The remainder of the book focuses on particulars such as the expected but never delivered cultural change that was supposed to lead the eurozone to stability, or Greenspan’s impression of the best policies that could be pursued in order to resolve the United States economy’s seemingly ingrained savings problem in order to once again foster investment and productivity.

A more crucial question remains, and that is one that must be raised in opposition to Greenspan’s emphasis on so called animal spirits as the primary cause of the magnitude of the crisis of 2008. Greenspan explains that bubbles are fueled by the gradual entry of all those who are skeptical of the bubble into the market, until the point where there is noone left to enter, and thus, noone left to fuel the growth in asset values that comes from people who want to “buy in”. He calls this the Jessel Paradox, and puts it forward as an example of animal spirits creating bubbles by fostering enthusiasm (70). But only a page later, quotes Charles Prince for saying “ When the music stops, in terms of liquidity, things will be complicated. But as long as the music is playing, you’ve got to get up and dance. We’re still dancing”(71). Thus emerges a far different picture than one of mere exuberant enthusiasm in the infinite rise of asset values.
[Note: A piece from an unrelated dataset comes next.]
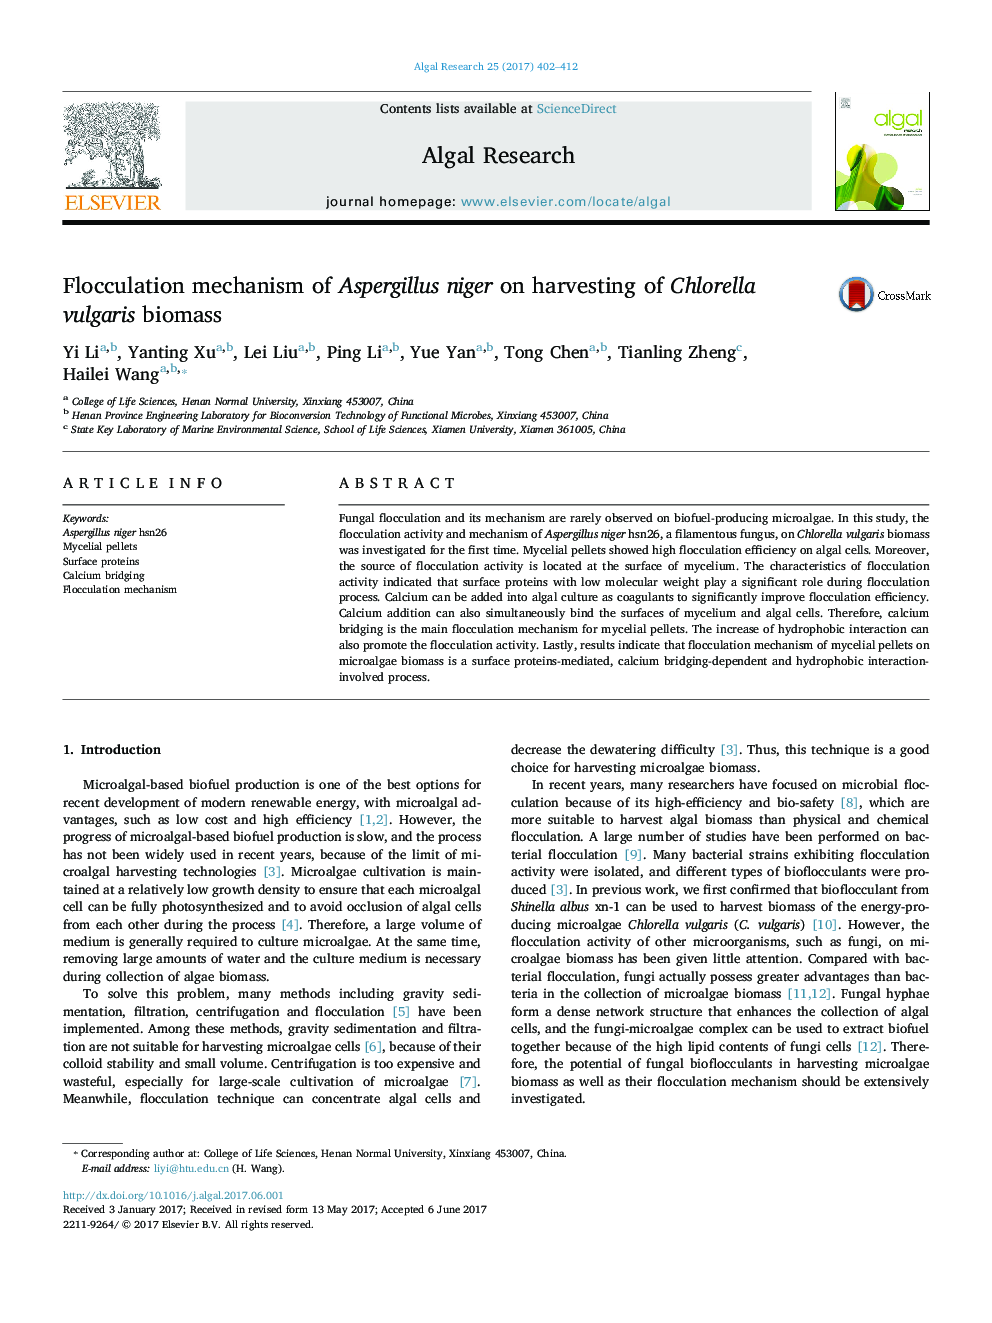 Flocculation mechanism of Aspergillus niger on harvesting of Chlorella vulgaris biomass

Prince’s remark, on the contrary, puts forward the idea that bubbles are created when financial actors join in out of a desire not to be left out, because they recognize that the bubble is a tremendous source of profits, and that they would get fired for not pursuing these profits. Here, it is cynicism that emerges, for no happy ending is anticipated, except for the hope that assets can be liquidated before the bubble bursts. Rather than the story of Jessel, the appropriate metaphor here is that of the game of chicken that James Dean’s character plays in Rebel Without a Cause: there are two drivers, speeding towards a cliff, and the first one to get out of the car loses. Just as it turned out in the movie, sometimes, people don’t get out in time.

Conrad Bertez Le 27/10/2013

6 réponses »

    • L’intérêt de l’ouvrage ne se situe pas dans l’appréciation que l’on peut porter sur les personnes. Il est dans l’exposé de la conception-erronée ou non de celui qui a conduit les affaires monétaires des USA jusqu’en 2006. Accéder aux raisonnements, justes ou non je le répète, est irremplaçable, on comprend clairement pourquoi Greenspan a agi, sur quels présupposés il a fondé son action. C’est le grand mérite de l’ouvrage et c’est en cela qu’il faut le lire si on est opérateur financier ou économiste. Il a aussi valeur historique car Greenspan analyse non seulement des idées mais aussi des évènements.